Martin-Luther-Universität Halle-Wittenberg
Forschungsbericht Berichtszeitraum:01.01.99 - 31.12.00

Fachbereich Geowissenschaften

Dienstsitz: Domstraße 5
06108 Halle

 

Tel.: (0345) 55-26000/-26001
Fax: (0345) 55-27142
eMail: guenther@geologie.uni-halle.de
Internet: http://www.uni-halle.de/MLU/geowiss/
Dekan: Prof. Dr. Cornelia Gläßer  (bis September 2000) 
Prof. Dr. Dr. Herbert Pöllmann

Der Fachbereich Geowissenschaften besteht aus zwei Instituten

mit je 7 Professuren.
 
 
Geoökologie Frühauf, Manfred, Prof. Dr.
Wirtschaftsgeographie Henkel, Reinhard, Prof. Dr., Vertretungsprofessur
Physische Geographie Schmidt, Karl-Heinz, Prof. Dr.
Thematische Kartographie und
Geofernerkundung
Gläßer, Cornelia, Prof. Dr.
Angewandte Geographie, 
Raum- und Umweltplanung
Kühling, Wilfried, Prof. Dr. 
Didaktik Protze, Notburga, Prof. Dr. 
Sozialgeographie Friedrich, Klaus, Prof. Dr. 
 
Allgemeine Geologie Heinisch, Helmut, Prof. Dr.
Paläontologie und Geiseltalmuseum Haubold, Hartmut, Prof. Dr.
Regionale und Historische Geologie Bachmann, Gerhard H., Prof. Dr.
Mineralogie/Geochemie Pöllmann, Herbert, Prof. Dr. Dr.
Petrologie/Lagerstättenkunde Borg, Gregor, Prof. Dr.
Umweltgeologie Wycisk, Peter, Prof. Dr.
Ingenieurgeologie Lempp, Christof, Prof. Dr.

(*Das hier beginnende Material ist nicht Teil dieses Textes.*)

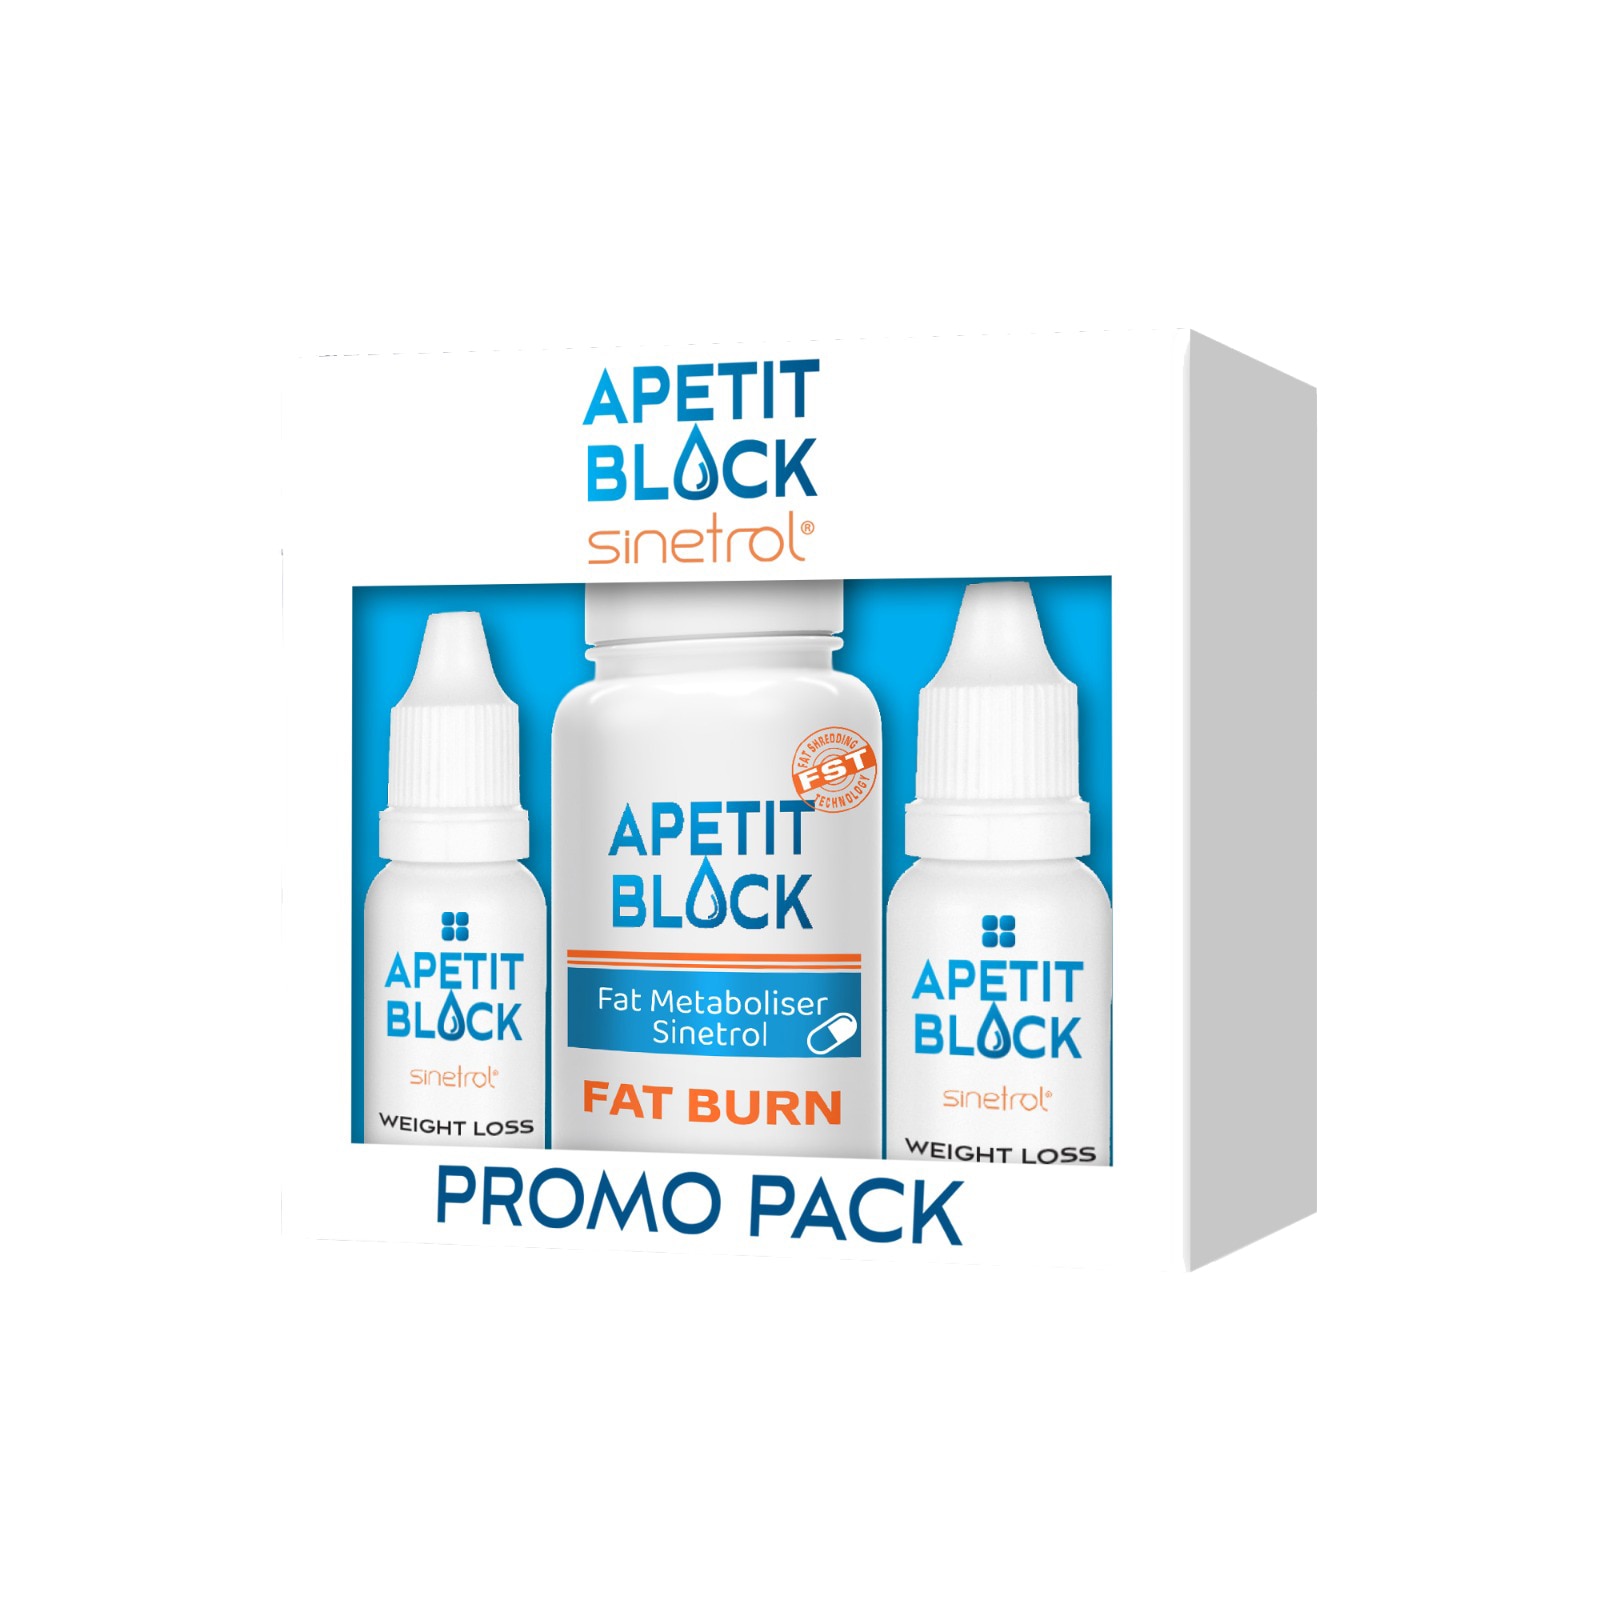 Acasa - Apetitblock, Picaturi apetit block de slabit pret

Im Fachbereich waren 51 wissenschaftliche und 30 technische Mitarbeiter tätig;  durchschnittlich 30 Personen wurden außerhalb des Stellenplanes finanziert.
Das Ausgabenvolumen an Drittmitteln betrug  im Jahr 1999 ca. 1,64 Mio. DM, im Jahr 2000 2,05 Mio DM.
Zum WS 99/00 waren am FB Geowissenschaften insgesamt 473 Studierende eingeschrieben (Geographie: 253, Geologie: 91, Mineralogie: 13, Geographie-Lehramt: 76, Sonstige: 40).

Der Fachbereich ist auf 6 Gebäude im Stadtgebiet verteilt, wobei die Bausubstanz und der Grad der Instandsetzung unterschiedlich, generell immer noch nicht zufriedenstellend ist. Eine Anzahl von Arbeits- und Lehrräumen  konnten im Berichtszeitraum renoviert und eingerichtet werden, weitere Instandsetzungen stehen in Aussicht. Für Teile der geowissenschaftlichen Sammlungen konnte die Unterbringung in neuen Räumlichkeiten erfolgen. Im Berichtszeitraum wurden die Planungsarbeiten für die neuen Fachbereichsgebäude am "Heide-Campus" weitergeführt.
Die apparative Ausstattung beider Institute für Lehre und Forschung hat sich weiter verbessert. Für die Forschung und die studentische Ausbildung wurden zum Beispiel  ein Ionenchromatograph, eine spezielle Klima-Meßstation, eine Hydrothermalanlage und ein  Hochtemperaturofen beschafft.